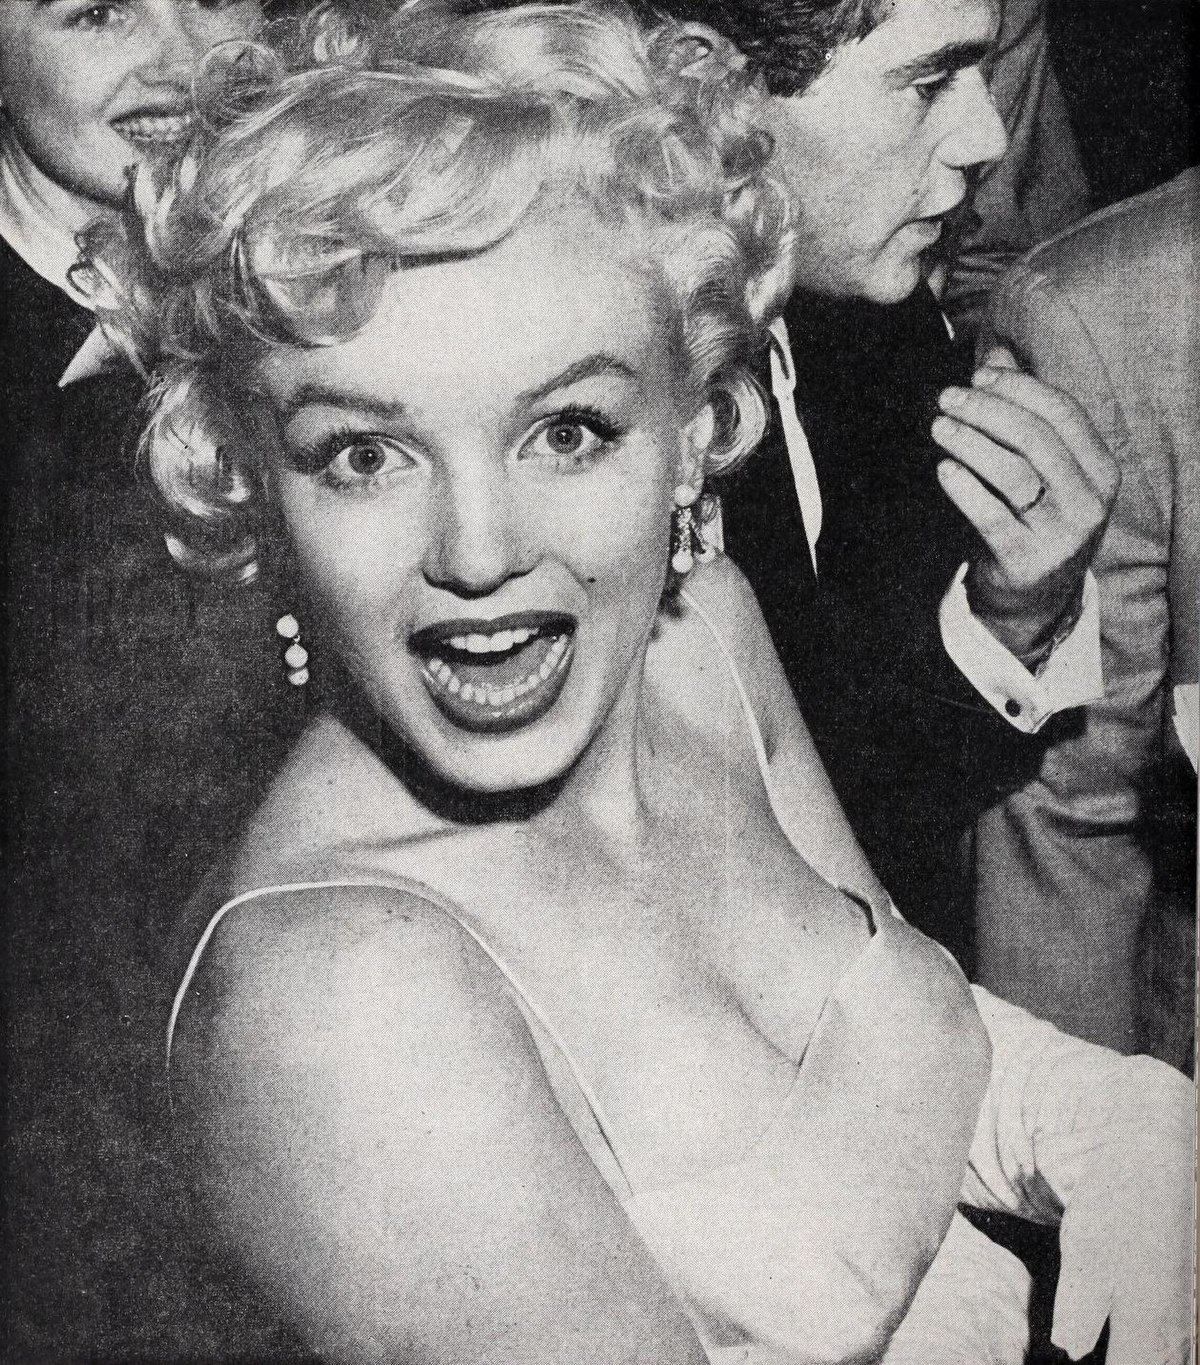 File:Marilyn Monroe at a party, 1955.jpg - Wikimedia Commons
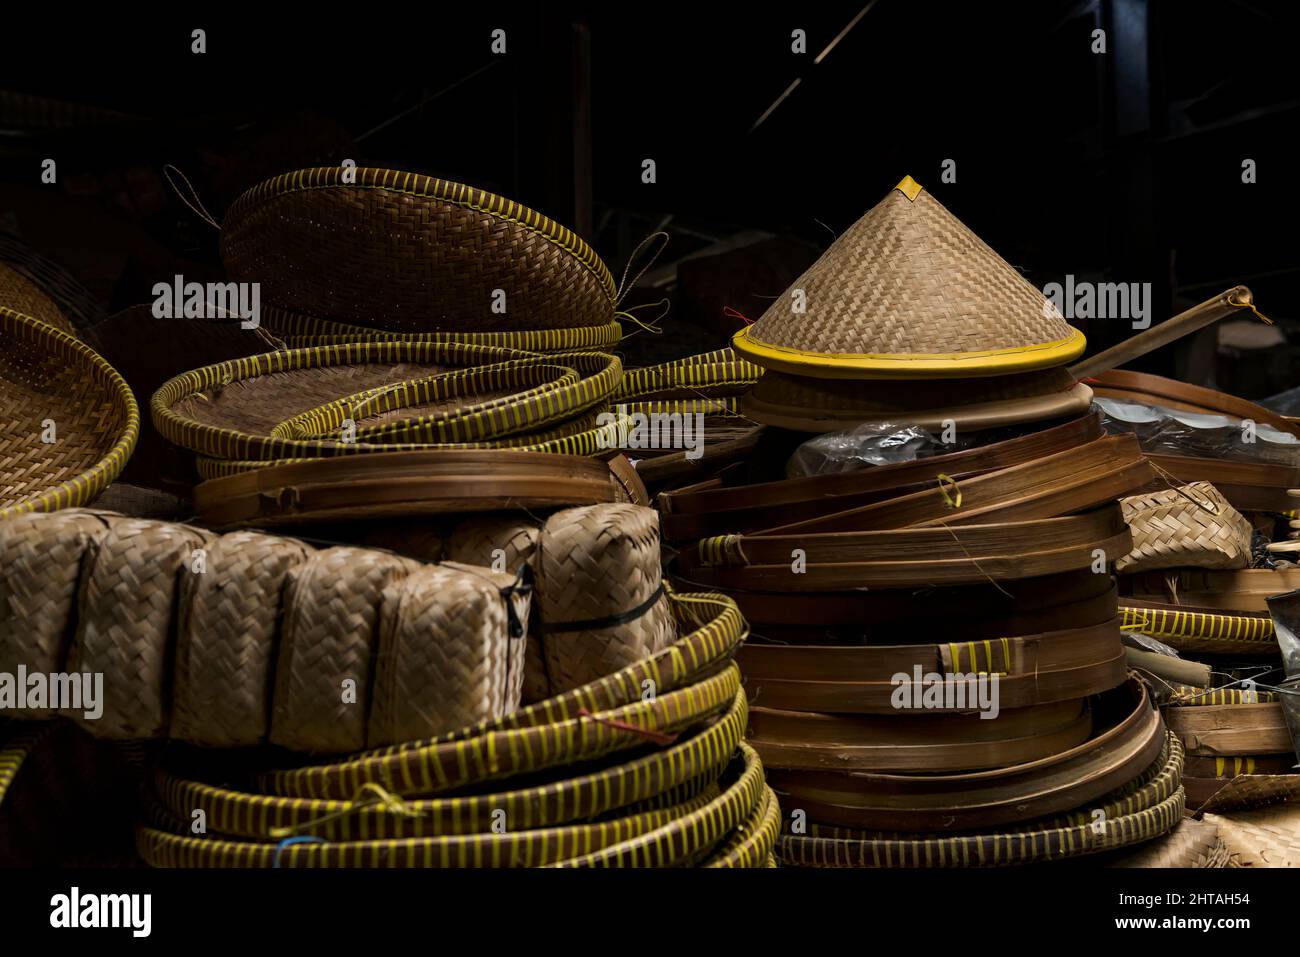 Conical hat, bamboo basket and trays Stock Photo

· · · · · · ·

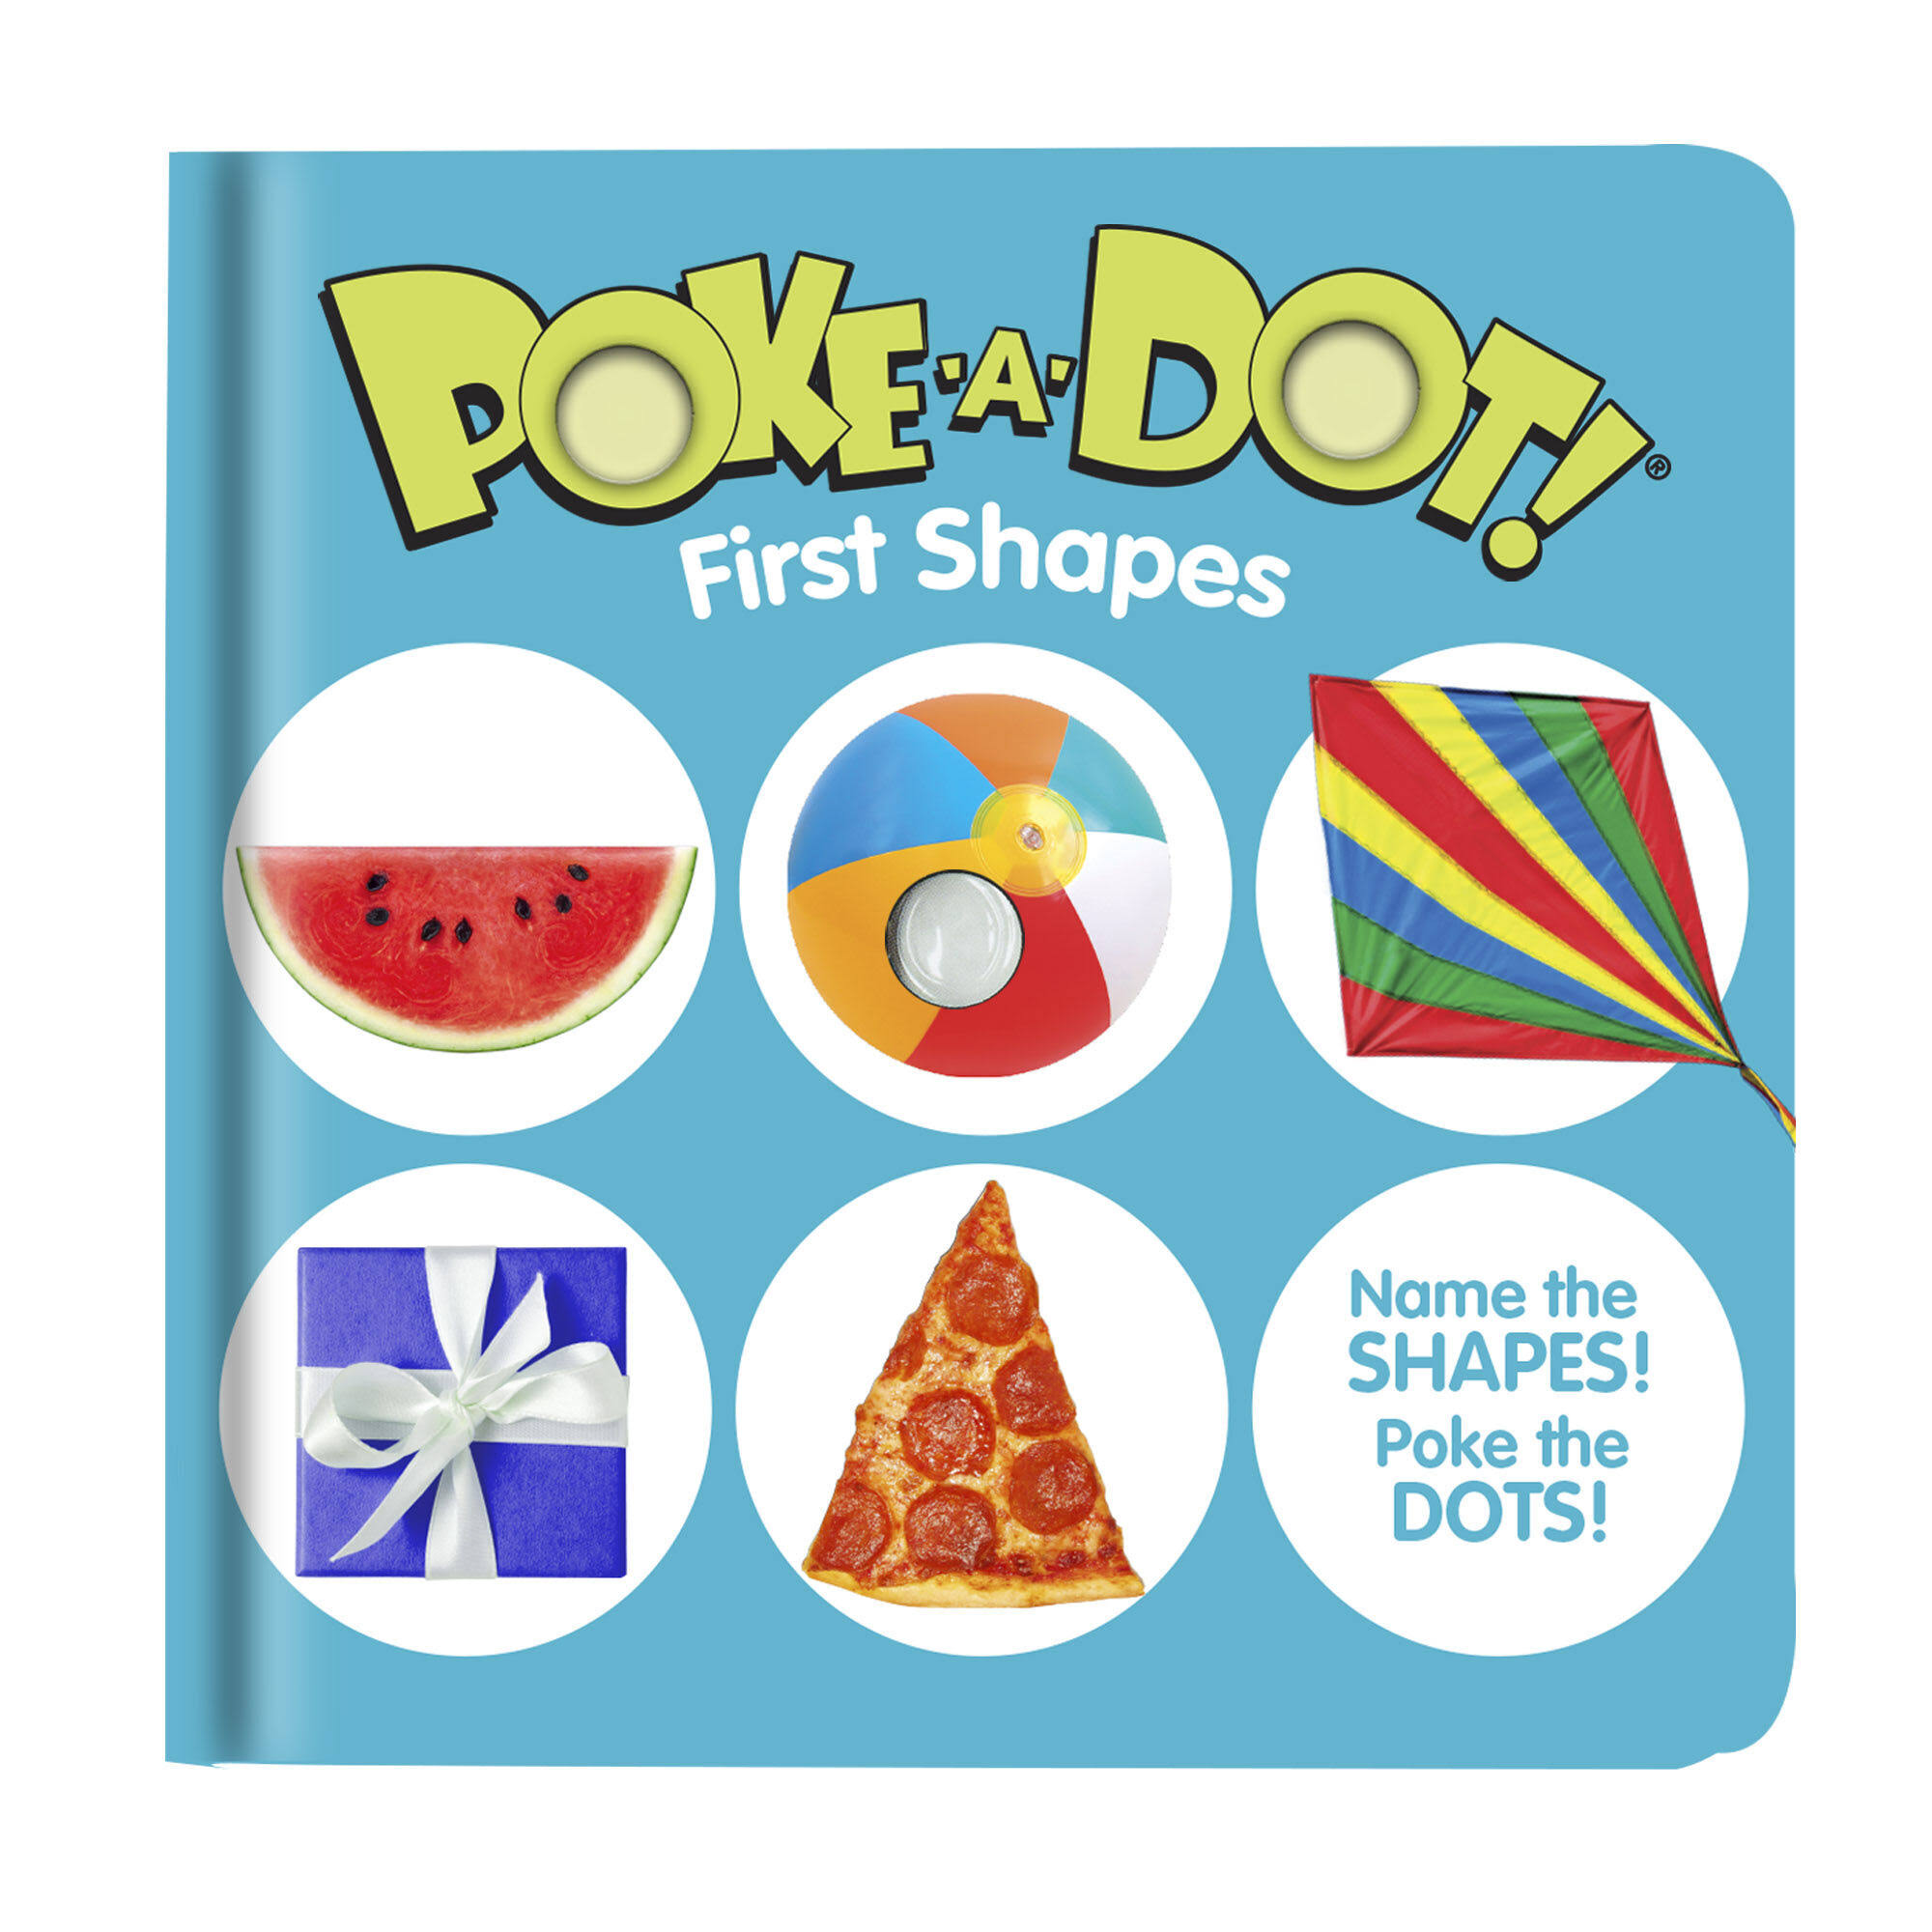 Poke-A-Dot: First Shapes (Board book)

· · · · · · ·

> [Exercise requirements]:
Here the job is to copy the stretch of records from the line containing "File:Marilyn Monroe at" through the line containing "Conical hat, bamboo", word for word. Leave every picture out.

> [Result of this exercise]:
 File:Marilyn Monroe at a party, 1955.jpg - Wikimedia Commons
 Conical hat, bamboo basket and trays Stock Photo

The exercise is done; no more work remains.